◆ **YOUR ASSIGNMENT**: Pull every line from the records that has the word "White" in it.

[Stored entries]
»»
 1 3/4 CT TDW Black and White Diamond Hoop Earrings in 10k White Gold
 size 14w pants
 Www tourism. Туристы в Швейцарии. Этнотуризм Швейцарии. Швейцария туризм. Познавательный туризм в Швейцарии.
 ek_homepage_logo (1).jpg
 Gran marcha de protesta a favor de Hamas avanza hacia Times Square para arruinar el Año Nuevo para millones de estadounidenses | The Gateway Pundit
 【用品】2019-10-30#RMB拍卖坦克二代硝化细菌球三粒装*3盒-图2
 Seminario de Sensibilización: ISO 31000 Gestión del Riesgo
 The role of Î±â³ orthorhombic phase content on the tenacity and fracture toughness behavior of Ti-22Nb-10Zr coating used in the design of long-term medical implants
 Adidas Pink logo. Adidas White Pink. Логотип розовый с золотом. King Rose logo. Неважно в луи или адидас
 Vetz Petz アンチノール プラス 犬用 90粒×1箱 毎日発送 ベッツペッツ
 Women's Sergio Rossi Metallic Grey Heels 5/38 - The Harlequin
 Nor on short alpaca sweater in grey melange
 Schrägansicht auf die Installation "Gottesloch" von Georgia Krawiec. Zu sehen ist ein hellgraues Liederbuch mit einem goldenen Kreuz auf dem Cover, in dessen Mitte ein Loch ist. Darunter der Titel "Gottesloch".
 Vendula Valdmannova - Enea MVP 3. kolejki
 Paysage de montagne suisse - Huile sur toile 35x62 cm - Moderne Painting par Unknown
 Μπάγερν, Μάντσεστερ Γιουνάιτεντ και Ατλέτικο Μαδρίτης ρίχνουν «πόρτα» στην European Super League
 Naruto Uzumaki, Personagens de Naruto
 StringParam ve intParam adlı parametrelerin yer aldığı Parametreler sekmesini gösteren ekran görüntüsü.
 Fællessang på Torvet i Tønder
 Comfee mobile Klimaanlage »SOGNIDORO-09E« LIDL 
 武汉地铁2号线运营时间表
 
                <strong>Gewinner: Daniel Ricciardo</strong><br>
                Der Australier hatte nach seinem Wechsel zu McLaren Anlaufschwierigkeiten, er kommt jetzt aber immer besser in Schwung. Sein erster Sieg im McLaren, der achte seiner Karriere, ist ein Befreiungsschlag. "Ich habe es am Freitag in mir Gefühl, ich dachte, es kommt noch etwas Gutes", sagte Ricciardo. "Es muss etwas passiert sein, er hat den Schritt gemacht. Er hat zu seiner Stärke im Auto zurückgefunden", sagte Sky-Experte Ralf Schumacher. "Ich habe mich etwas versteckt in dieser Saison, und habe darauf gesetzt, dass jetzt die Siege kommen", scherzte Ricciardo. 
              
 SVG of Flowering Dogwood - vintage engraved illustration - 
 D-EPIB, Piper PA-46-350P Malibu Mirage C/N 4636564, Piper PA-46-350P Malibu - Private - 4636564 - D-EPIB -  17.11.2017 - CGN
««
◆ **RESPONSE FOR THIS EXERCISE**:
 1 3/4 CT TDW Black and White Diamond Hoop Earrings in 10k White Gold
 Adidas Pink logo. Adidas White Pink. Логотип розовый с золотом. King Rose logo. Неважно в луи или адидас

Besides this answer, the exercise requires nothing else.